Qui entra in gioco, e non si può che farlo in modo eccessivamente schematico, il tema della violenza e del terrorismo, cui per molto tempo i dirigenti del Pci attribuirono la responsabilità del fallimento della loro proposta politica soprattutto nei mesi tragici del rapimento Moro e in quelli successivi, caratterizzati da un’elezione – quella del giugno 1979 – in cui si perse in un colpo solo il 4% e un milione e mezzo di voti. Personalmente ritengo che una politica della «fermezza», così come venne praticata in quel periodo in Italia, fosse l’effetto di uno stato debole, diviso, corrotto e, come si sa adesso, fortemente inquinato e colluso in ambienti istituzionali non secondari. Il Pci cavalcò la politica della fermezza per accreditarsi definitivamente come forza democratica non tanto verso la società e le istituzioni, ma verso la Dc; e per allontanare senza il necessario approfondimento la questione dell’«album di famiglia» della violenza che sarebbe stata discussa successivamente. Nel momento in cui la strategia cavalcata negli anni ’70 si mostrò usurata e di fatto fallita, con l’inizio del nuovo decennio Berlinguer si ritirò nel ridotto della questione morale, rifiutando di affrontare in modo originale e con un’analisi rivolta al futuro il nuovo periodo che si era aperto con le vittorie di Thatcher e Reagan. La simpatia e il rispetto umano per l’uomo si mantennero intatti e forse si accrebbero; ma la fiducia nel leader politico iniziò a scemare vistosamente.

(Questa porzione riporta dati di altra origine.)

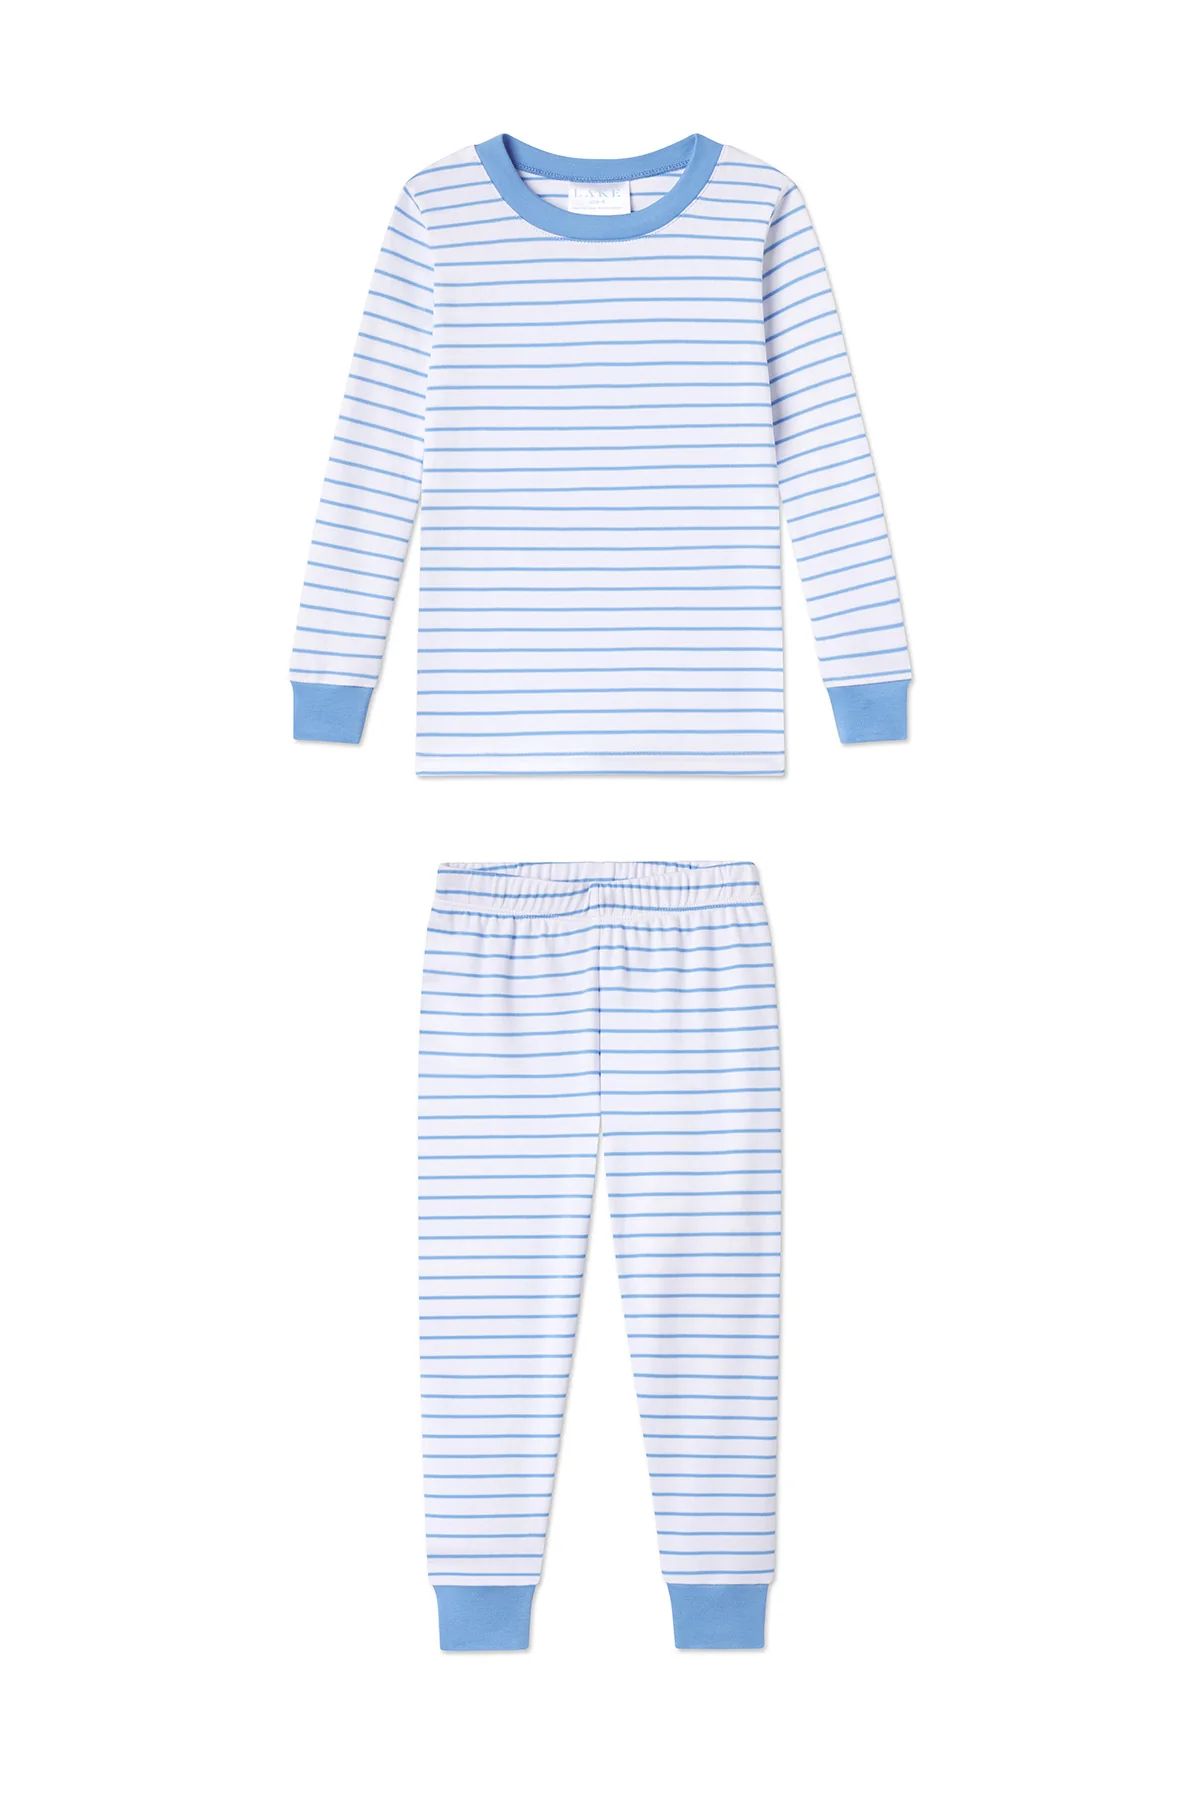 Kids Long-Long Set in Baltic Blue Stripe | Lake Pajamas

Gli anni ’70 erano stati un decennio di transizione, dove la politica italiana fu incapace di trovare risposte alle richieste di trasformazione della società. Berlinguer, nella prima metà del decennio, riuscì capitalizzare al massimo, grazie anche al proprio personale carisma, quella «strategia dell’obesità», per usare il termine usato da Luciano Cafagna, e cioè l’obiettivo di continuare a crescere senza prospettare un credibile sbocco di potere; quando però provò a rendere concreta la sua proposta strategica nuova – il compromesso storico – non poté fare altro che connotarla come un’alleanza subordinata e al ribasso con una Dc tutt’altro che riformata e riformatrice. E dopo quella fallimentare esperienza non poté che chiudere gli occhi di fronte ai mutamenti profondi della società rifugiandosi in un appello «morale» pur necessario e ineludibile ma da solo totalmente incapace di svolgere un ruolo politico significativo.